Wednesday, January 15, 2025

Casey Jones Junior, 1956

Here are two more scans from some oversized (120 format) transparencies - both featuring Casey Jones Junior as he pulled the colorful circus train through Storybook Land. I've always loved the way Casey looks just like his cartoon counterpart. The driver sees us taking his picture, and is frankly sick of the paparazzi. "Don't they understand that I am a person, with feelings and needs like the shmucks I look down upon?". He's a work in progress.

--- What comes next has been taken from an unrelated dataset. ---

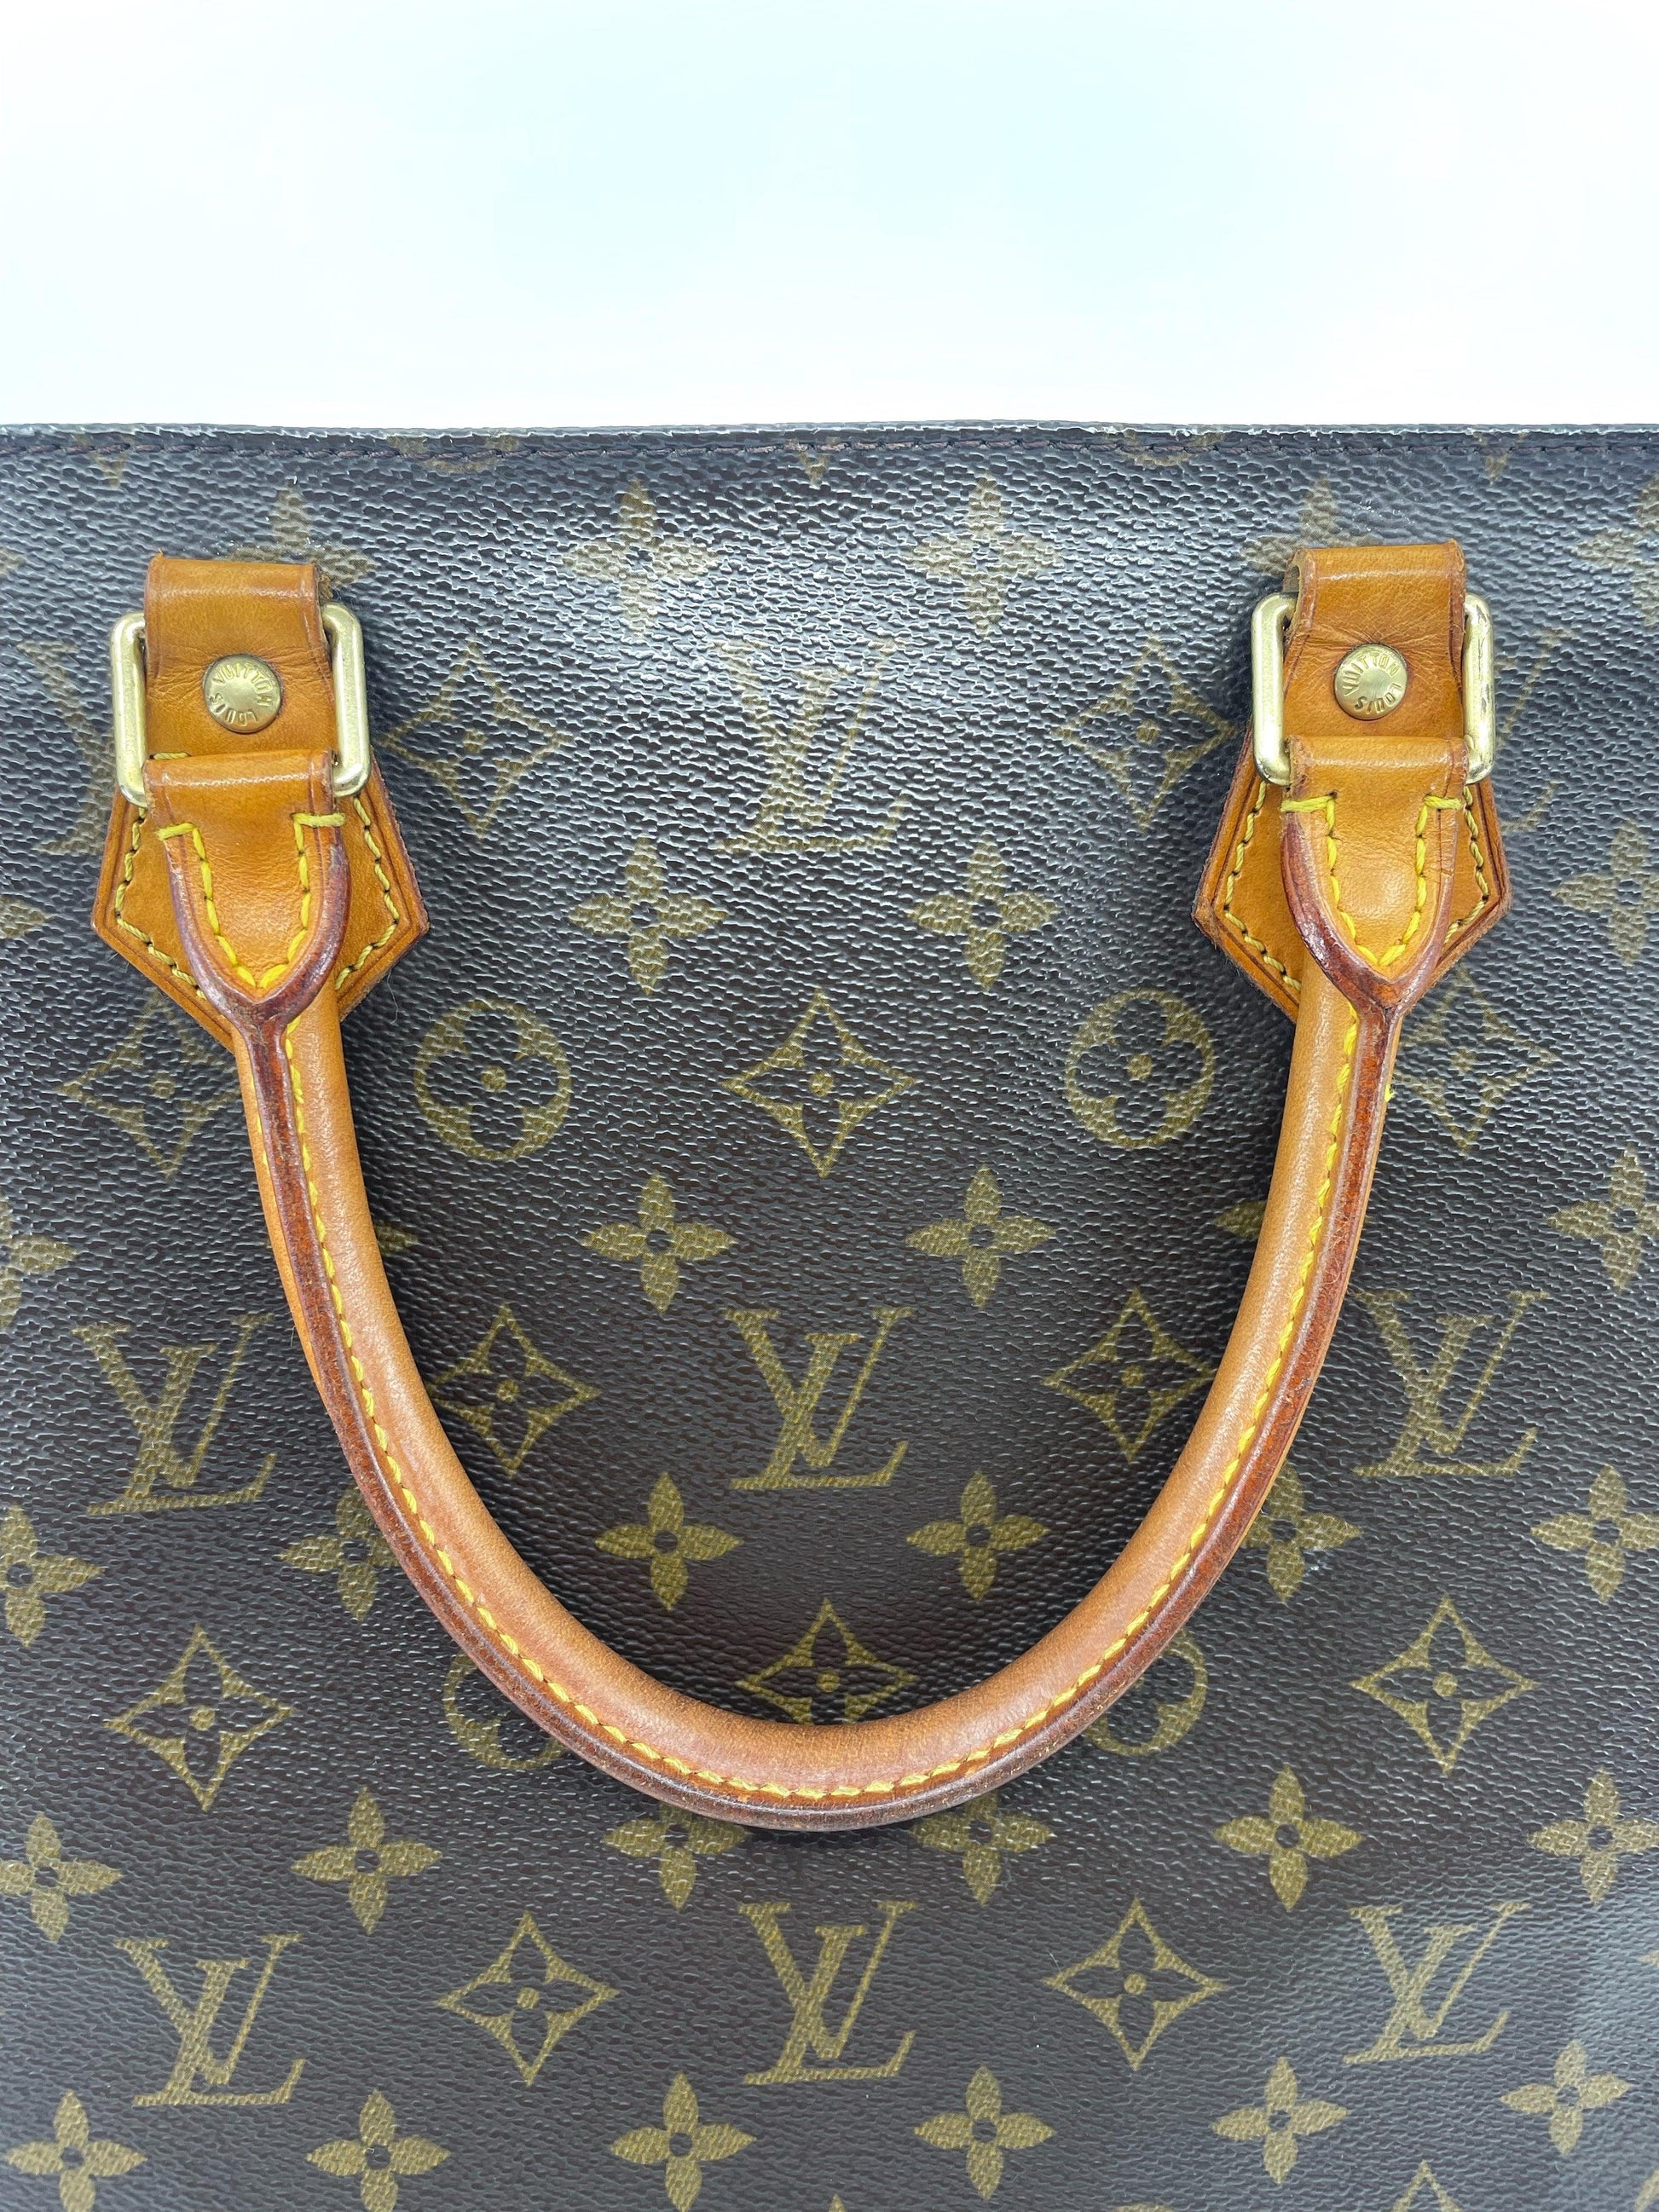 Louis Vuitton Vintage Monogram Coated Canvas Sac Plat Hand Bag Top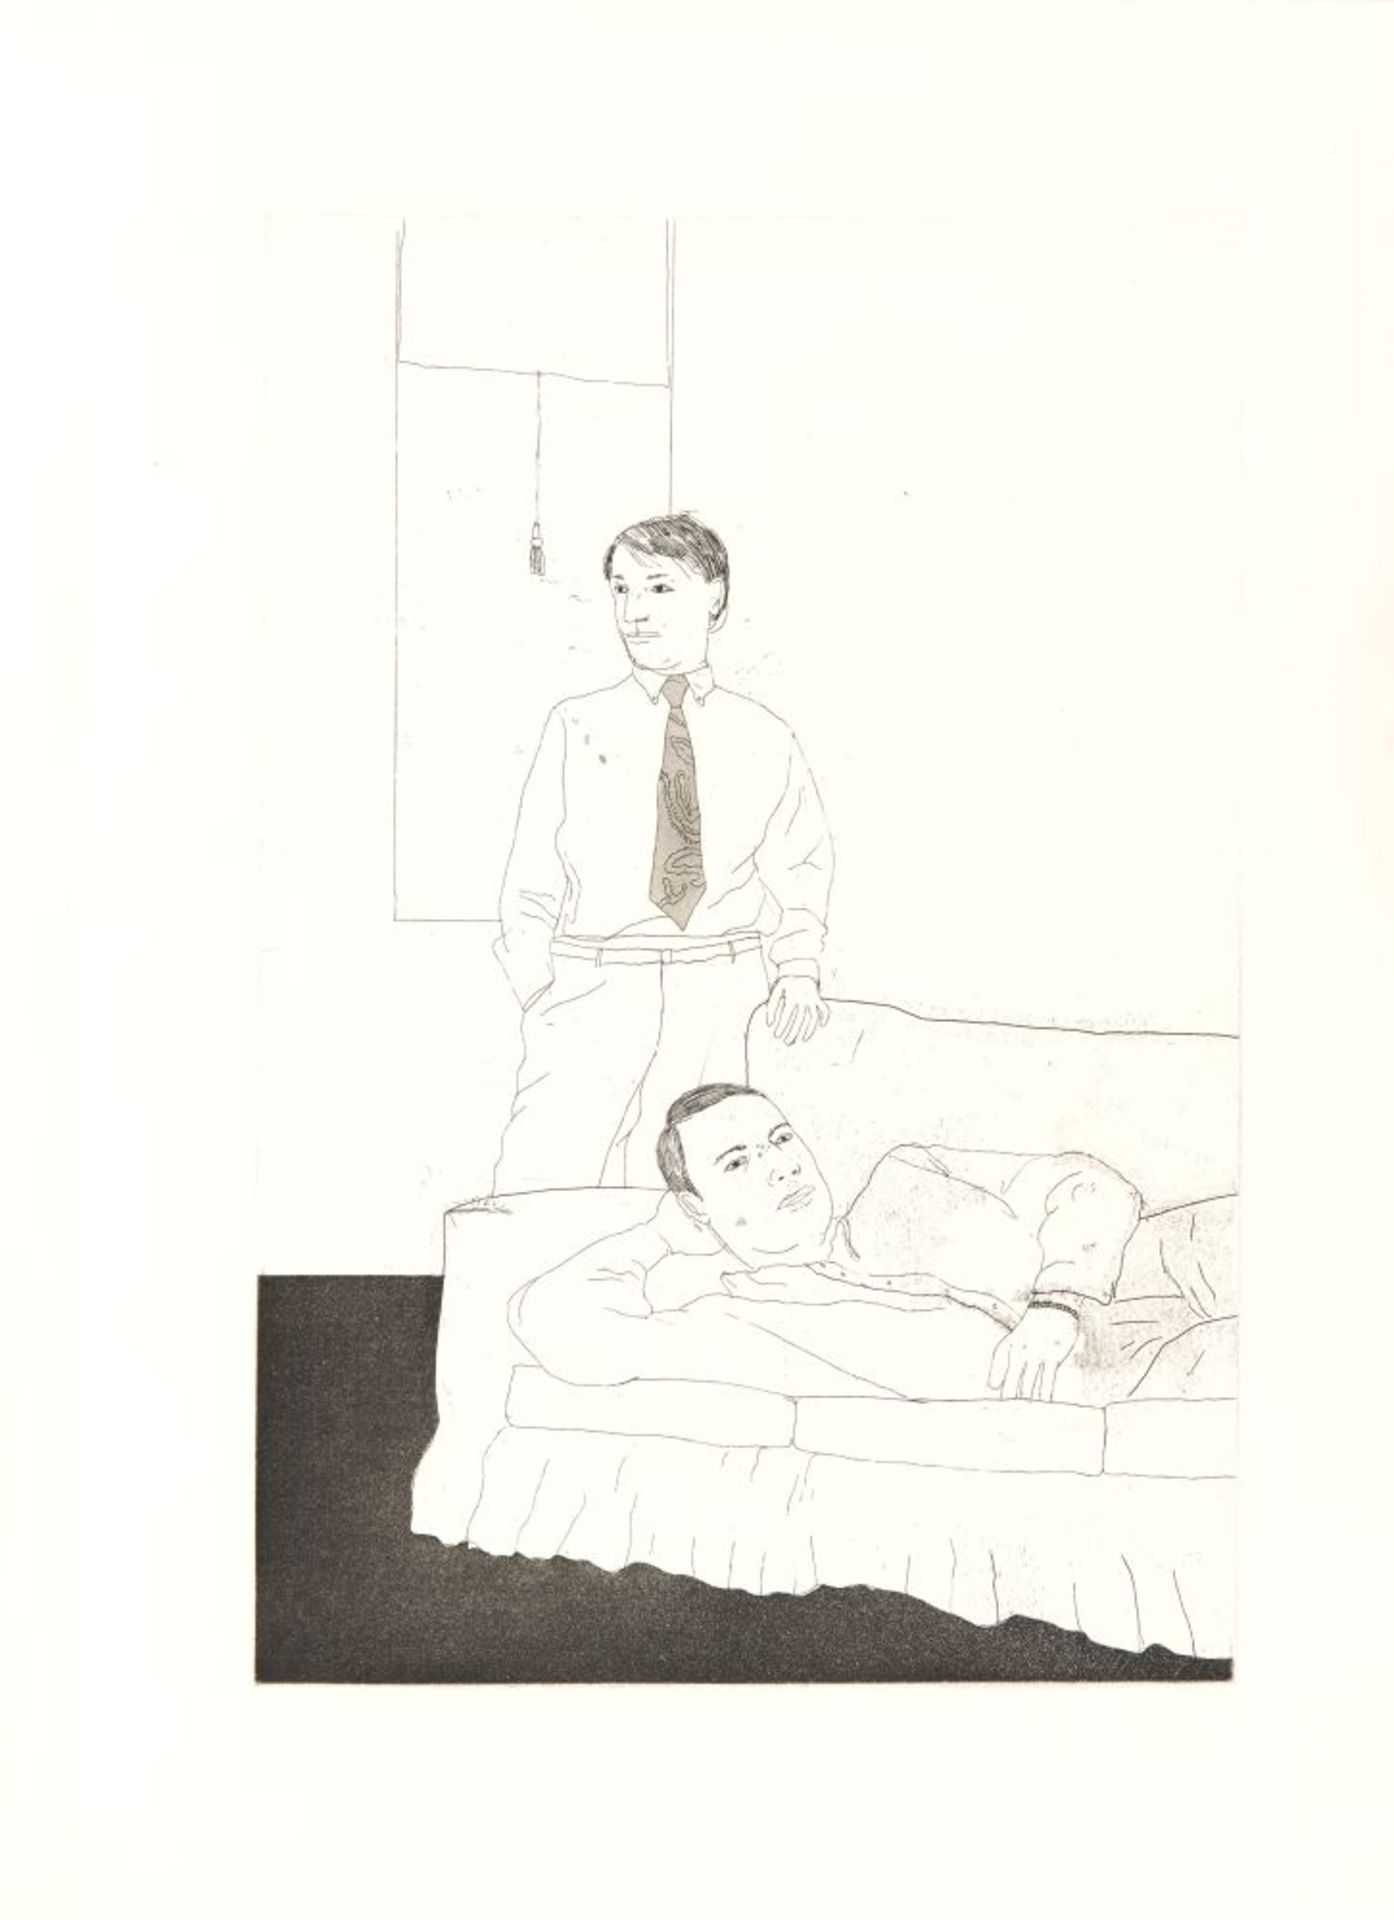 C. P. Cavafy / D. Hockney, Fourteen poems. Ldn 1967. - Eines von 250 Ex. der Edition B, sign. - Image 4 of 4

A second photo reveals that the canal (for the Storybook Land Canal Boats) is empty for some reason - a worker of some sort is partly obscured by a fence pole to the right. Could this be from the early days before all of the charming miniature vignettes were added to Storybook Land? After two months of operation, the Canal Boats closed while Storybook Land was constructed and the muddy banks were landscaped with miniature plants, including a bonsai tree planted by Walt Disney himself. It seems very possible!


Hey, why not zoom in, since these large-format transparencies are high-quality? We can see the fearsome Wild Animals, both wearing pink dresses. 


2 comments:

TokyoMagic! said...

Those are some very lovely weeds, in that first pic.

Major, that second pic is a very rare shot of the installation of the giant "quilt" from the Disney short, "Lullaby Land." We can see that Toad Hall had not yet been placed on that point of land on the far left. A rare shot, indeed! Thanks for sharing!

JB said...

Hmm, the Casey Jr. driver looks suspiciously like the villainous "Agent Smith" in "The Matrix". Does that mean that all of us are in the Matrix and don't realize it? Maybe I should try bending some tableware with my mind. I think this photo needs some more blue sky. ;-)

Maybe that's Walt behind the pole, planting his bonsai tree!!! OK, probably not. We gots us some power poles in this here photygraph.

Wild animals with pink dresses are the most dangerous of all! Their pink coloration comes from the bloodstains of their prey... or maybe from eating crustaceans, like flamingos do.
And look! The monkeys in the monkey cage are all wearing red. That means they're angry. And when monkeys get angry, they fling 'stuff'.

Tokyo!, And then they replaced those lovely weeds with miniature trees and shrubs and cottages, and castles and stuff... TRE!

I always enjoy these large format slides, Major. Thanks.